Finviz does not offer an EBITDA margin filter in its free tier. You can see EBITDA on individual company quote pages, but you cannot screen by it. This limits Finviz's ability to distinguish between genuine operating profitability and accounting-adjusted earnings in growth names.
The ValueMarkers screener includes EBITDA margin as a filterable indicator, which is useful for identifying growth businesses that are operationally profitable even before reaching GAAP net income positive.
Step 1: Open Finviz Screener and Select the Fundamental Tab
Go to finviz.com and click "Screener" in the top navigation bar. No account is required for the basic version. Once inside the screener, click the "Fundamental" tab, which sits next to "Descriptive" and "Technical."
All growth stock filters for this guide live in the Fundamental tab. Avoid the Technical tab for fundamental growth screening. Moving averages and RSI tell you about price momentum, not business quality.
Step 2: Set Sales Growth Filters
Set "Sales growth qtr over qtr" to "> 10%."
This checks whether the most recent quarter showed at least 10% revenue growth versus the same quarter a year ago. It is a momentum check, not a durability check.
Set "Sales growth past 5 years" to "> 10%."
This checks the five-year compound annual sales growth rate. The combination of both filters targets companies with current momentum built on a durable revenue growth foundation, not just a single strong quarter inflated by a favorable prior-year comparison.
Note that Finviz calculates these from reported data and does not adjust for acquisitions. A company that bought $500M in revenue is not organically growing, even if the sales line jumped 25%. Verify organic growth in the annual report before acting on any screener result.
Step 3: Filter on EPS Growth
Set "EPS growth this year" to "> 15%."
This captures current earnings momentum. Growth in earnings per share above 15% confirms the business is scaling profitably, not just growing revenue at the expense of margins. Microsoft's current EPS growth near 17% and its P/E of 32.1 illustrate the combination: fast earnings growth justifying an above-market multiple.
Set "EPS growth past 5 years" to "> 10%."
The five-year EPS CAGR check confirms the earnings growth trend is structural. A company posting 25% EPS growth in the current year after three years of flat earnings is likely a recovery story, not a growth story. The two-filter combination catches this distinction.
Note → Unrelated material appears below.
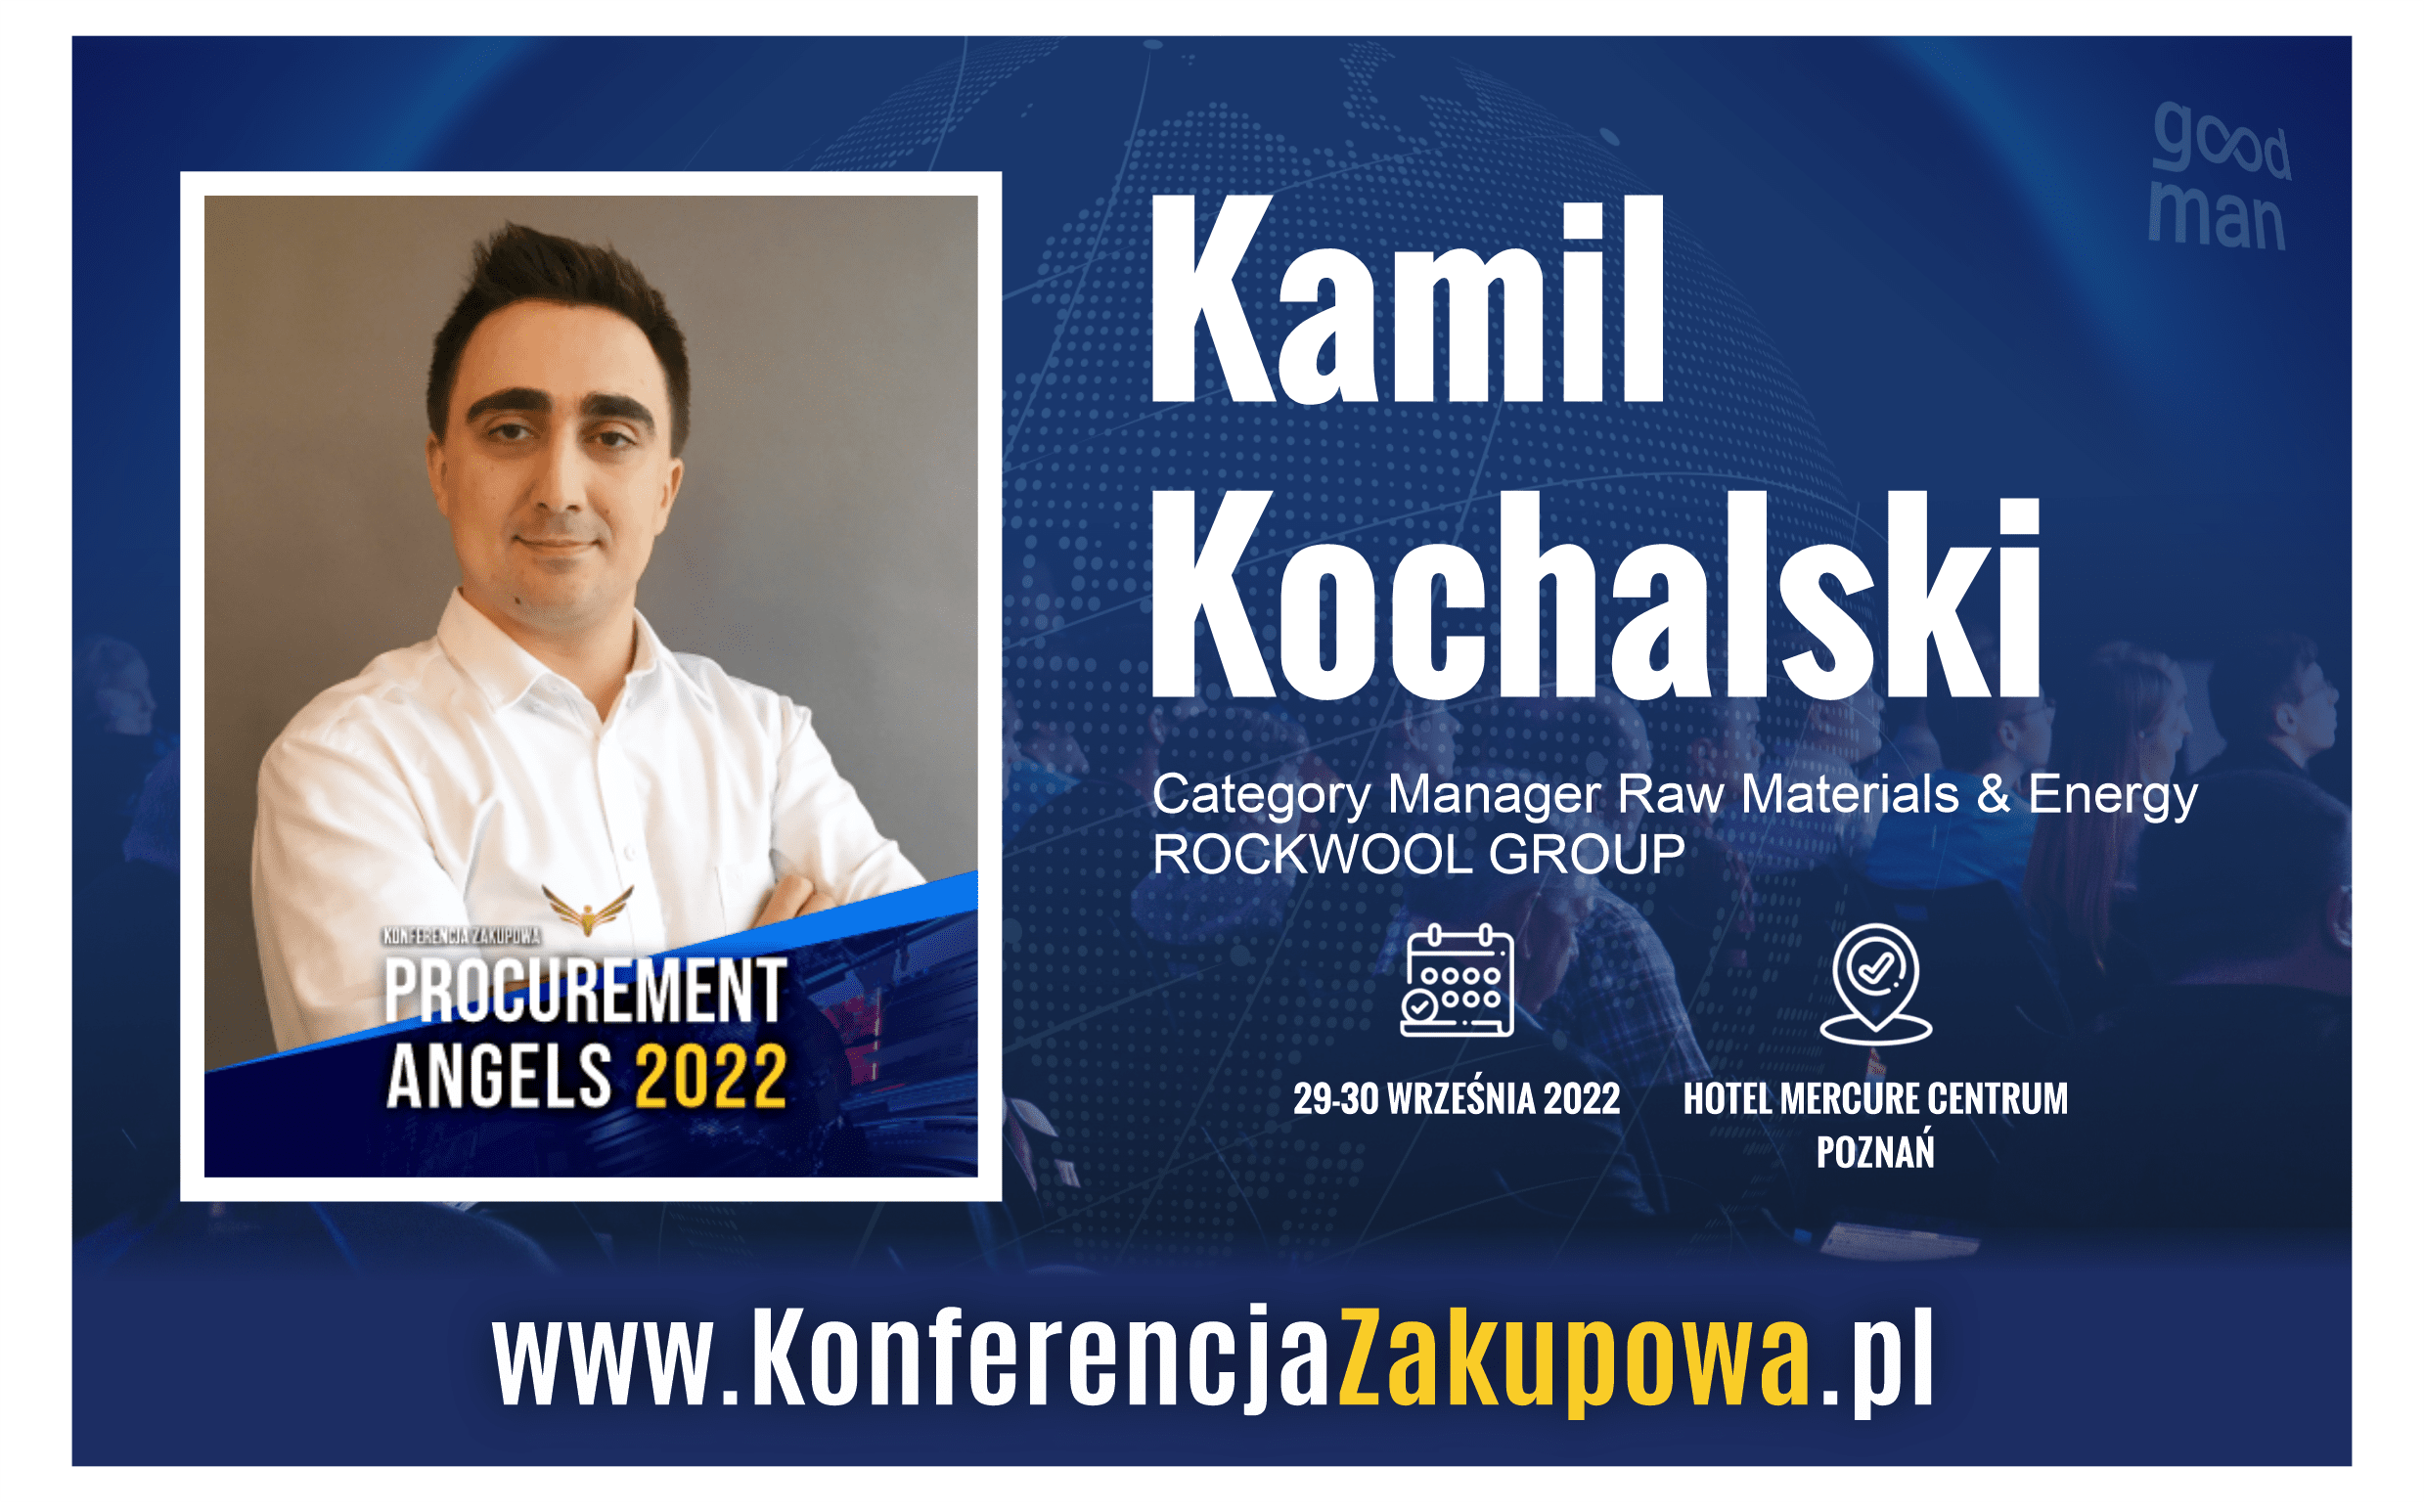 kamil kochalski konferencja zakupowa procurment conference poland 2022

What Does CAGR Stand For and How to Use It
CAGR stands for Compound Annual Growth Rate. It measures how fast a value grew over a multi-year period on an annualized basis, assuming growth compounds each year. A business that grew revenue from $100M to $200M over five years has a revenue CAGR of 14.9%.
CAGR is more informative than cumulative growth because it accounts for the length of the period. In Finviz, the "sales growth past 5 years" and "EPS growth past 5 years" filters are CAGR-based. A 10% CAGR over five years means the business doubled in five years on that metric. A 15% CAGR over five years means it approximately doubled in under five years.
The ValueMarkers screener labels these explicitly as CAGR fields and also provides 1-year, 3-year, and 5-year versions, giving more granular trend analysis than Finviz's fixed 5-year window.
Step 4: Apply Return Quality Filters
Set "Return on equity" to "> +15%."
ROE above 15% indicates the business is generating above-average returns on shareholders' equity. Finviz does not offer a ROIC filter. ROIC is more precise than ROE because it strips out the effect of debt financing on apparent profitability. Apple's ROE of 147% looks extraordinary but is elevated by buybacks reducing book equity. Its ROIC of 45.1% is the more meaningful number.
Without ROIC in Finviz, cross-check high-ROE names carefully. An ROE of 40% or more driven primarily by debt (debt-to-equity above 2.0) is a red flag, not a signal of competitive advantage.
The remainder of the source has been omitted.